Wenn sich warmfeuchte Luft im Inneren eines Wohnraumes an einer kalten Wandoberfläche abkühlt tritt ein Tauwasserbelag auf, der sogenannte Taupunkt wird unterschritten. Mit dem Absinken der Oberflächentemperatur steigt der Wassergehalt in der Oberflächenzone an. Versuche zeigen, dass Schimmelbefall dann eintritt, wenn wenigstens vier Wochen lang eine relative Luftfeuchte von mindestens 80 % geherrscht hat. Tauwasserbildung bzw. Schimmelbefall treten zuerst an den raumseitigen Oberflächen von Wärmebrücken auf, weil dort die geringsten Temperaturen vorliegen.

Im üblichen Wohnungbau ist die Forderung das der Temperaturfaktor f Rsi ≥ 0,7 betragen muss.

Die zur Berechnung erforderlichen Temperaturwerte wurden schon bei der Wärmebrückenbestimmung aufgenommen. Daher erfolgt im Zuge der Untersuchung auch gleich die Ermittlung des Temperaturfaktors f Rsi.

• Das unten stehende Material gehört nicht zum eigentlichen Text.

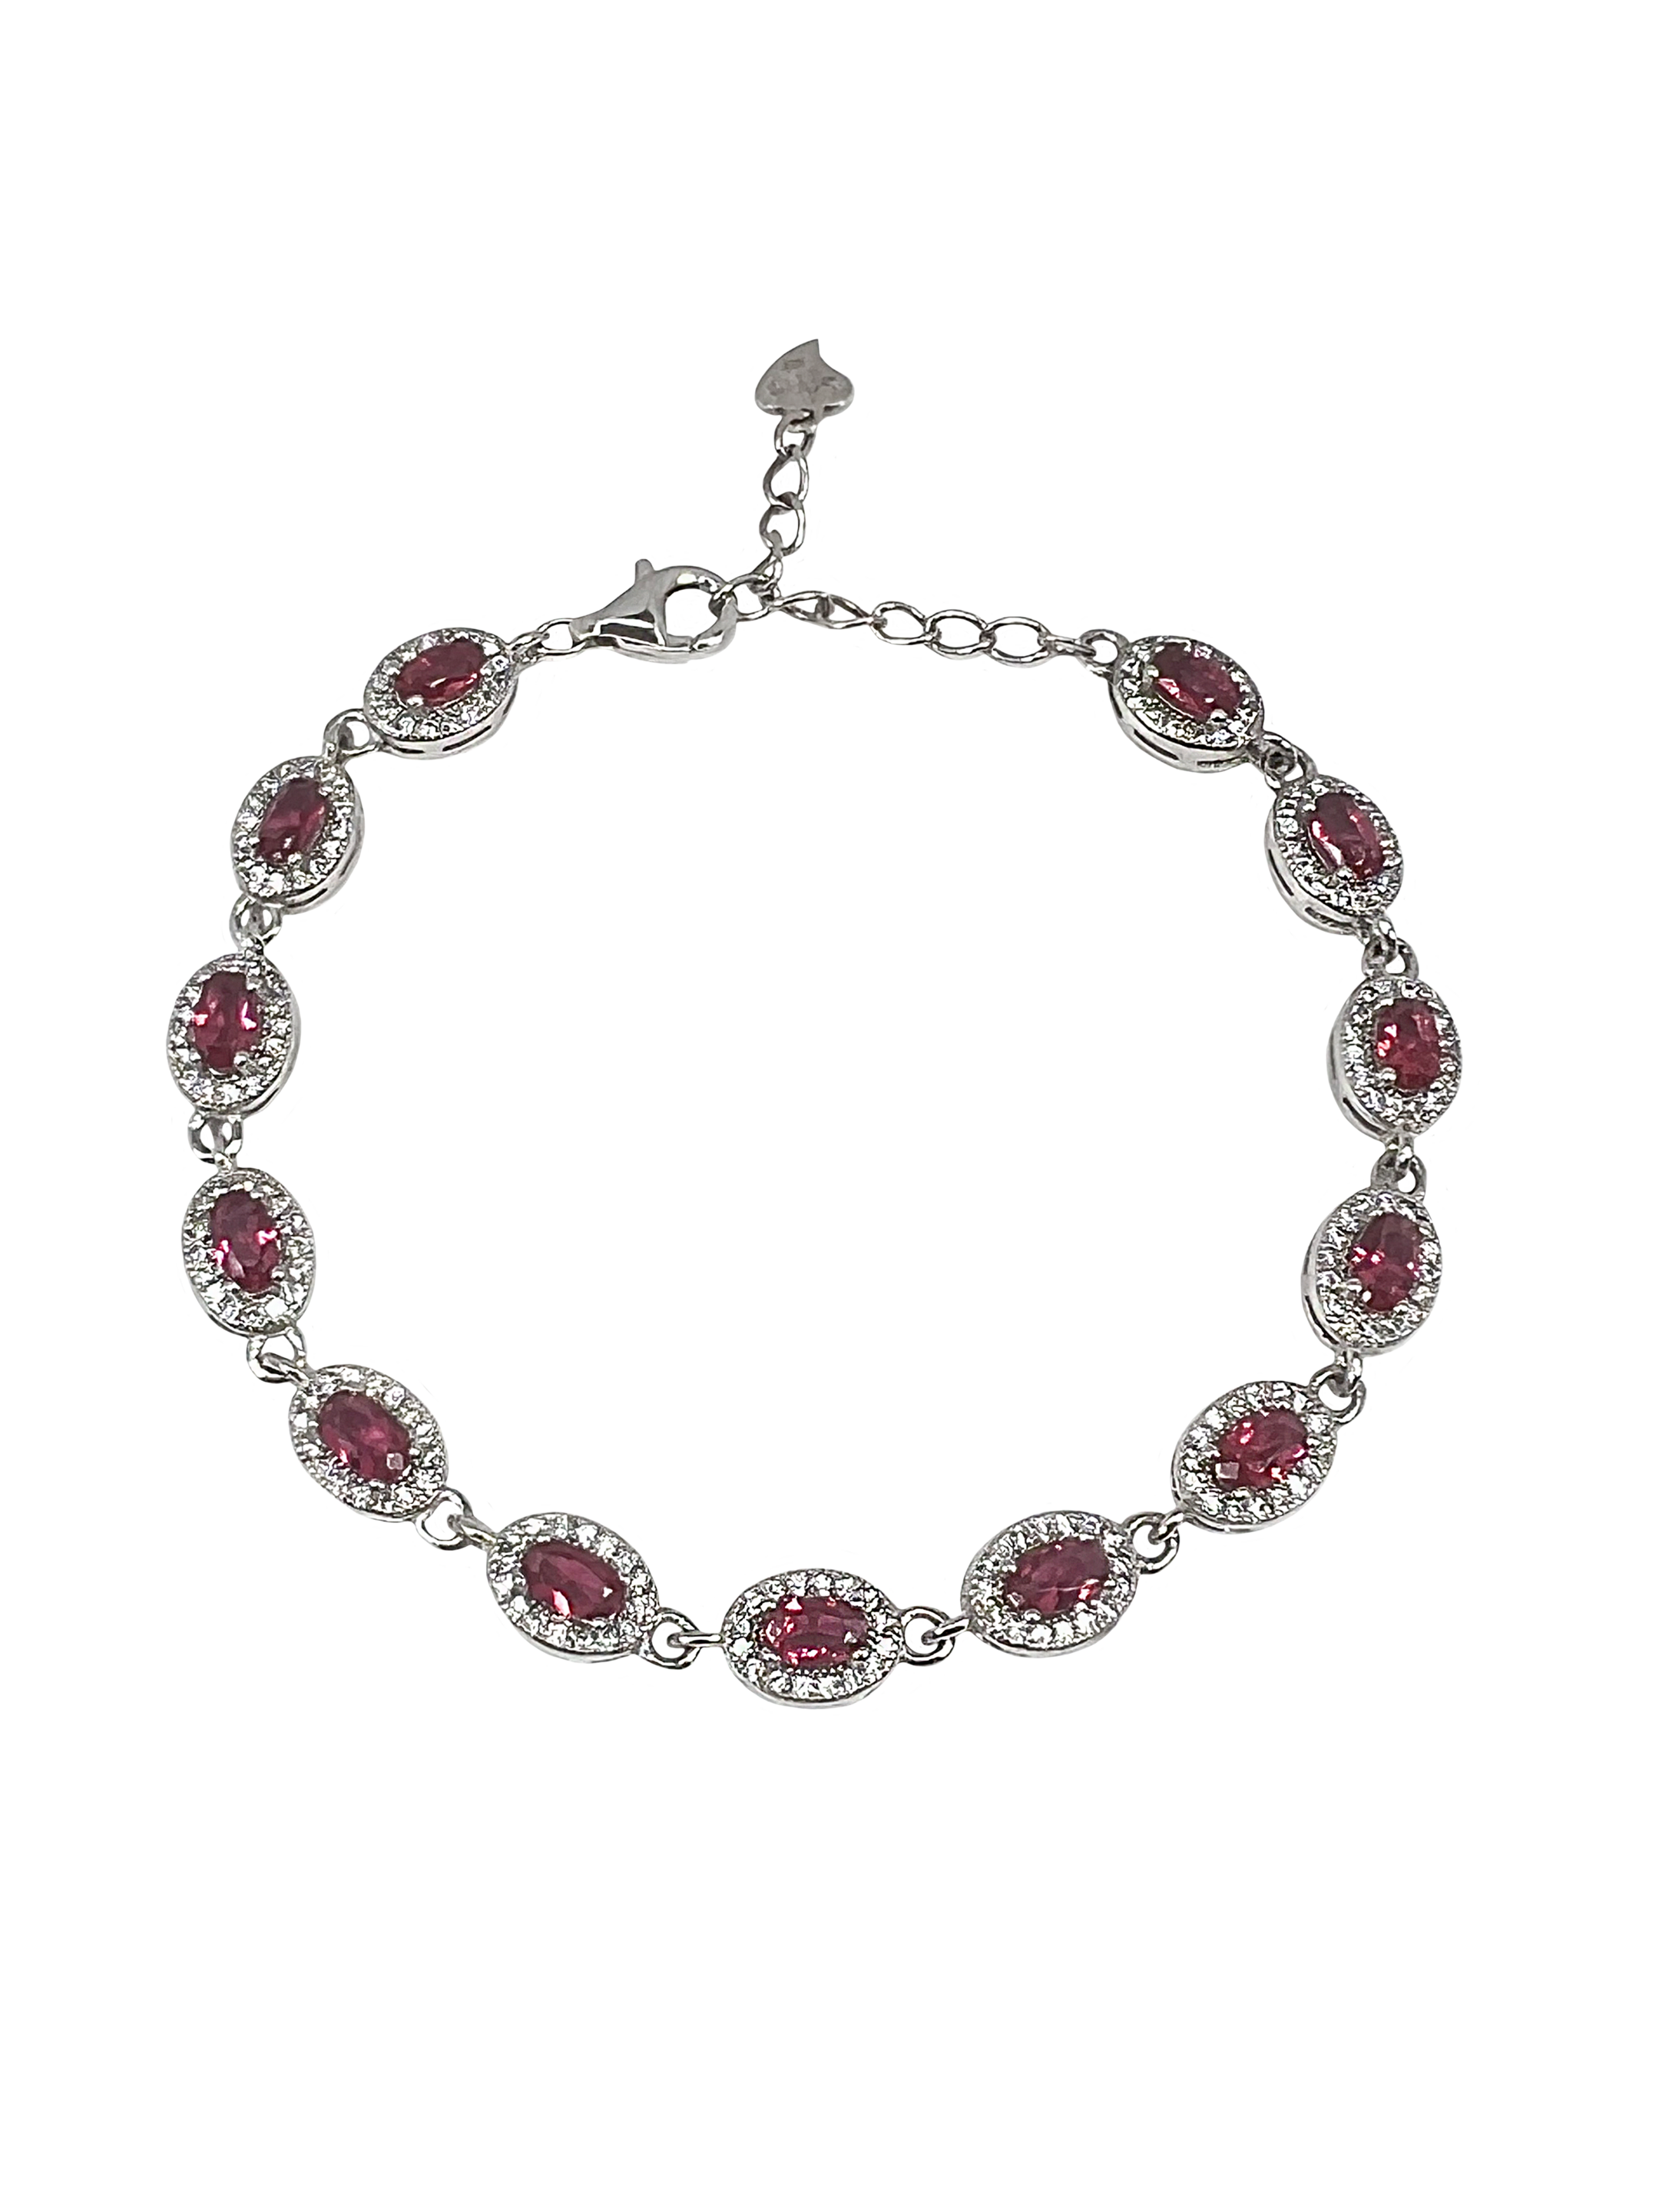 Silver bracelet with dark pink zircons

Mit Hilfe von PC-Software lässt sich auch der kälteste Bereich im aufgenommenen Wärmebild ermitteln. Der Messpunkt CS1 (im Wärmebild blau gekennzeichnet) wurde mit 15,2 °C ermittelt. Der U-Wert zu diesem Punkt ist U = 1,37 W/(m² K). Durch die Berechnung des Temperaturfaktors f Rsi ≥ 0,7 mit den vorhandenen Werten kann festgestellt werden, dass sich im kältesten Punkt im Messbereich ein Wert von f Rsi = 0,82 ≥ 0,7 ergibt. Hieraus folgt, dass in diesem Bereich keine Tauwasserbildung bzw. Schimmelbefall zu erwarten ist.